▶ MATERIAL FOR THE TASK
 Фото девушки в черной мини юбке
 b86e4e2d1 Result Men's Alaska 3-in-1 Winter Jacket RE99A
--
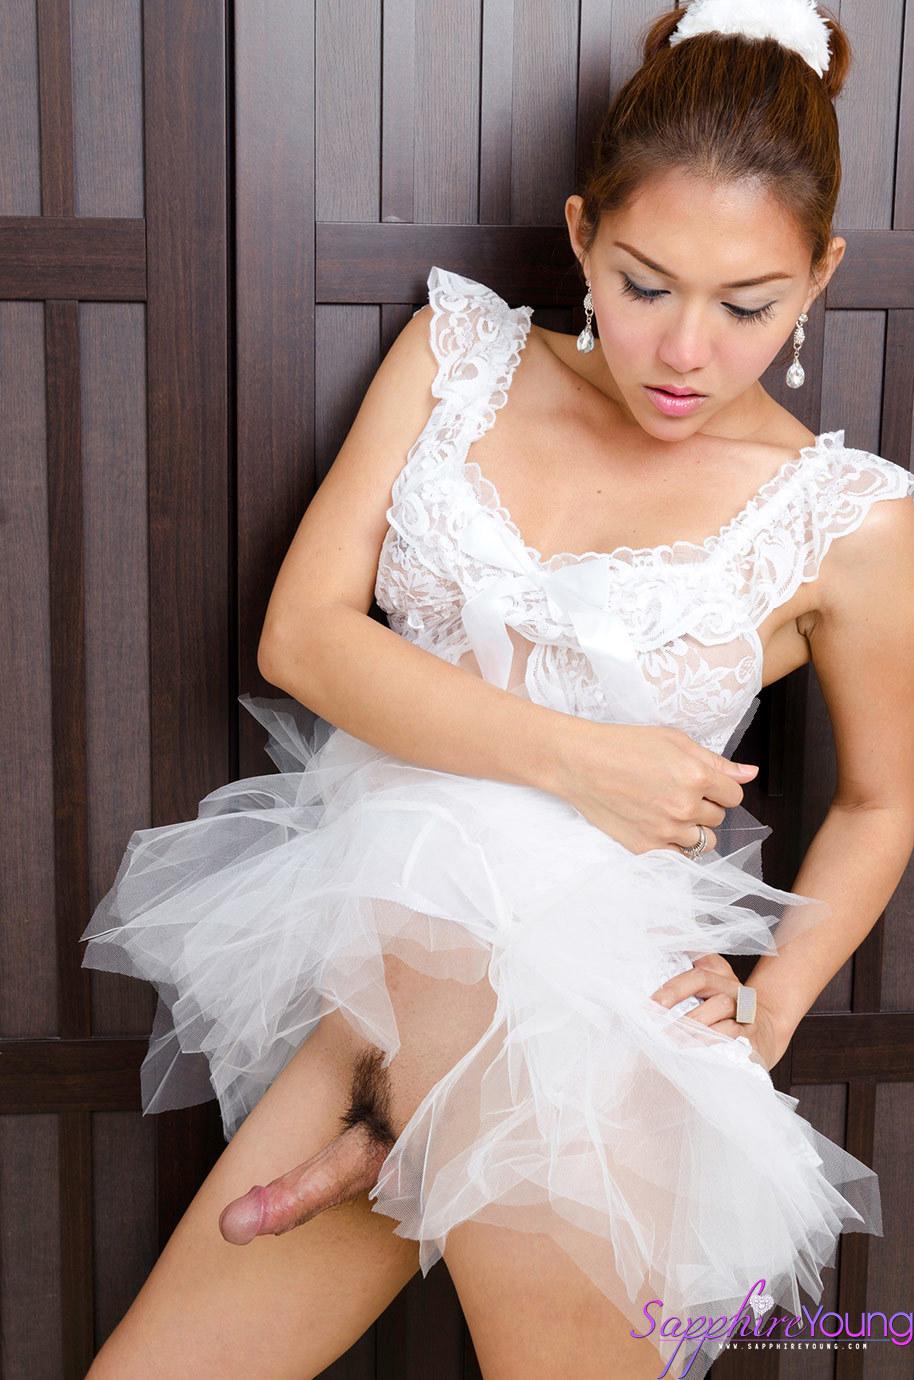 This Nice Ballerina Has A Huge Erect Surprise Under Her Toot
==
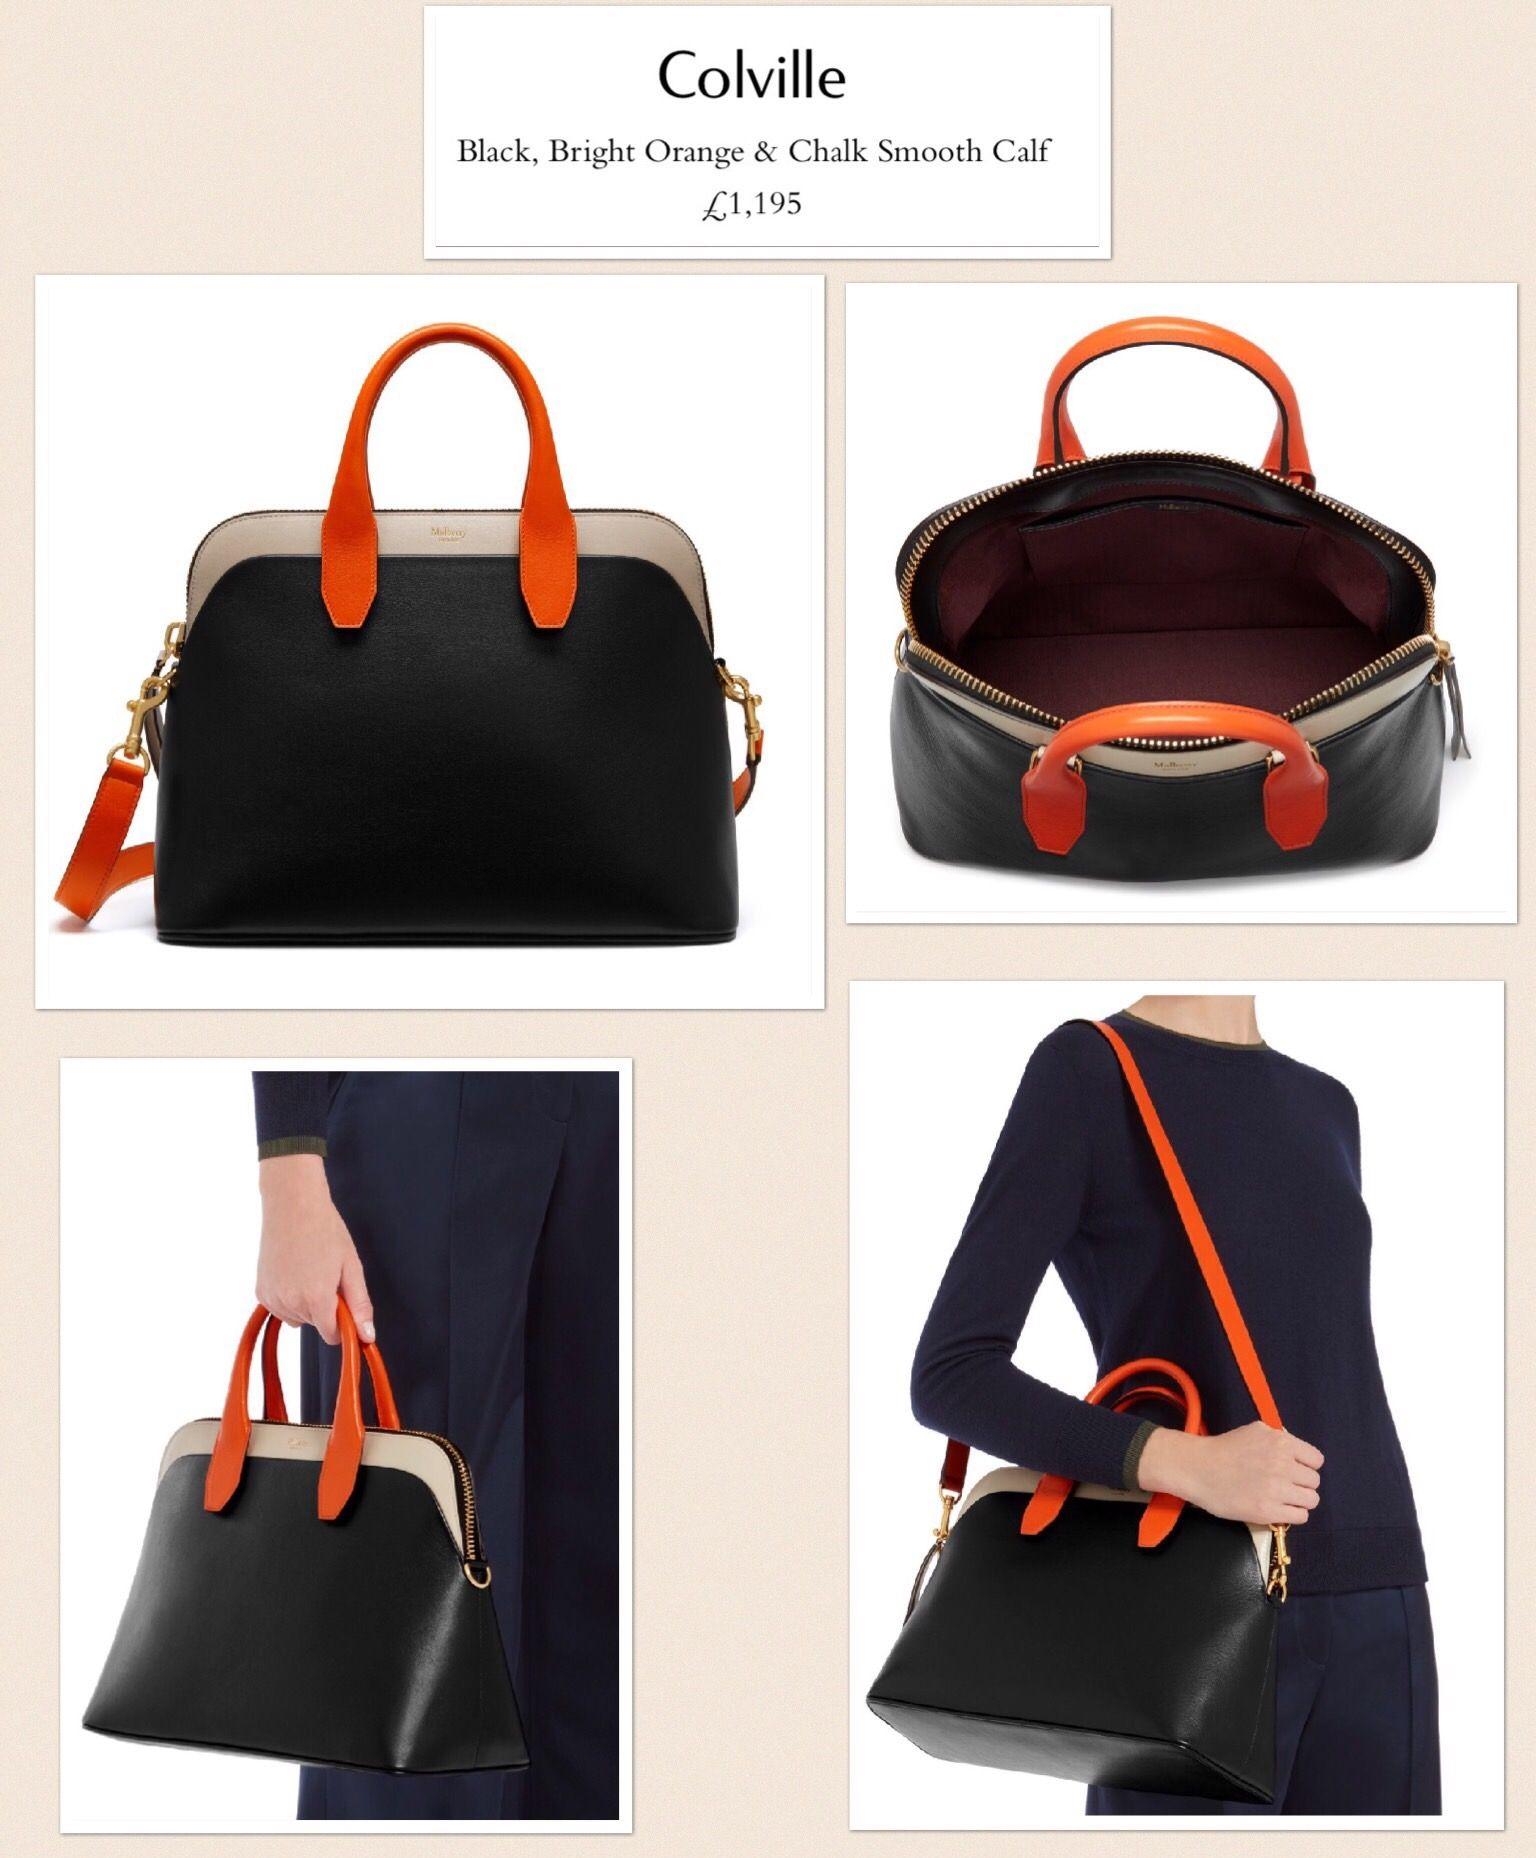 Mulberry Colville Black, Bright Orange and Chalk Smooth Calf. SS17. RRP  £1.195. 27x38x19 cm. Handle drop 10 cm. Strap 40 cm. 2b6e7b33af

▶ EXERCISE OBJECTIVE
Where the listing above reaches the line that contains "Фото девушки в черной мини юбке", start retyping, and finish with the line that contains "b86e4e2d1 Result Men's"; reproduce those lines exactly and no others.

▶ WRITTEN RESPONSE
 Фото девушки в черной мини юбке
 b86e4e2d1 Result Men's Alaska 3-in-1 Winter Jacket RE99A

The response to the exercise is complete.